Pontifex fordert radikale Neuausrichtung

Zum Abschluss seines Deutschlandbesuches hatte der Pontifex in Freiburg eine radikale Neuausrichtung der katholischen Kirche gefordert. Er stellte die Zusammenarbeit mit dem Staat infrage. Die Kirche dürfe sich nicht der Gegenwart anpassen, sondern müsse mehr auf Distanz zur Gesellschaft gehen.

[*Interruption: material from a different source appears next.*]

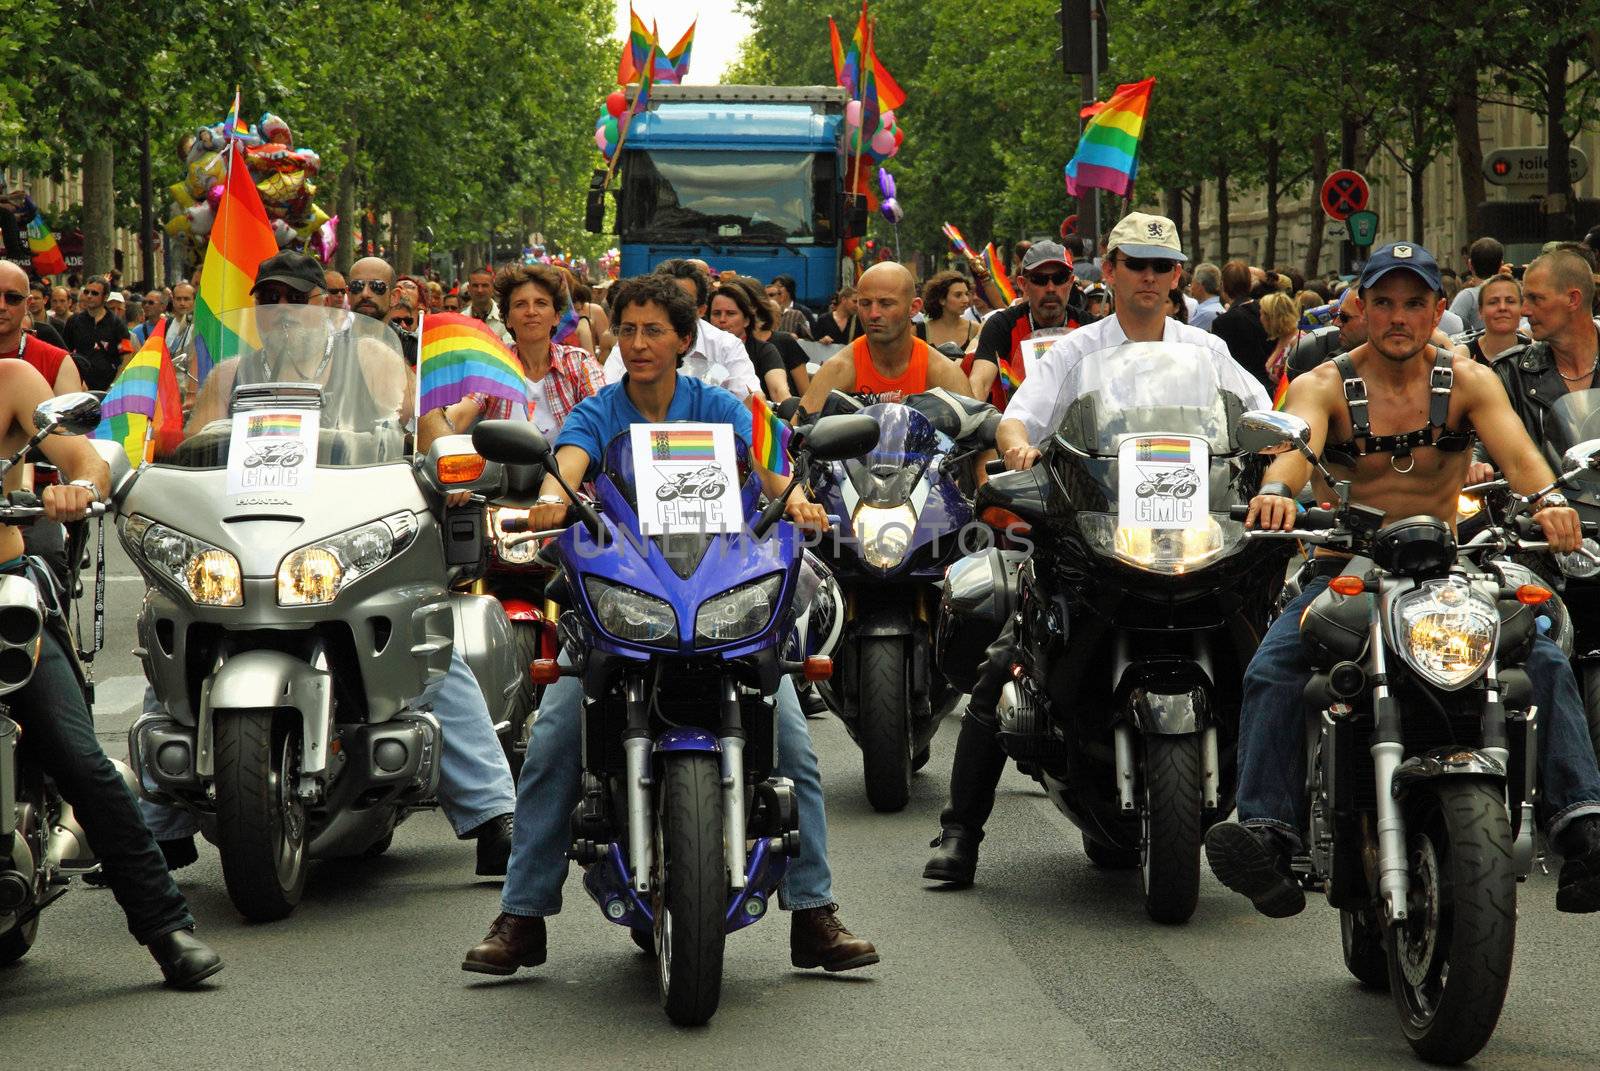 PARIS - JUNE 27: Motorcyclists lead the annual Marche des Fiertes (Gay Pride parade) June 27, 2009 in Paris, France. En route from Montparnasse to Bastille, this year’s event attracted half a million spectators and participants, including guest celebrity Lisa Minelli.

In anderen Reden und Predigten verlangte der 84-Jährige am Wochenende von den Gläubigen Treue zu Rom. An die Jugend appellierte der Papst, "glühende Heilige" zu werden.

Es war der dritte Besuch des deutschen Papstes in seiner Heimat und der erste Staatsbesuch in Deutschland. Am Sonntagabend flog er nach Rom zurück. Vatikan-Sprecher Federico Lombardi zog eine positive Bilanz der Reise: "Dem Papst geht es außerordentlich gut. Wir sind etwas erstaunt, wie gut er diese Reise überstanden hat." Als spektakulär und historisch wurden Benedikts Auftritte im Bundestag in Berlin und beim Ökumene-Gipfel in Erfurt gewertet. Allerdings hatten sich viele deutlichere Signale für eine Annäherung zwischen katholischer und evangelischer Kirche gewünscht.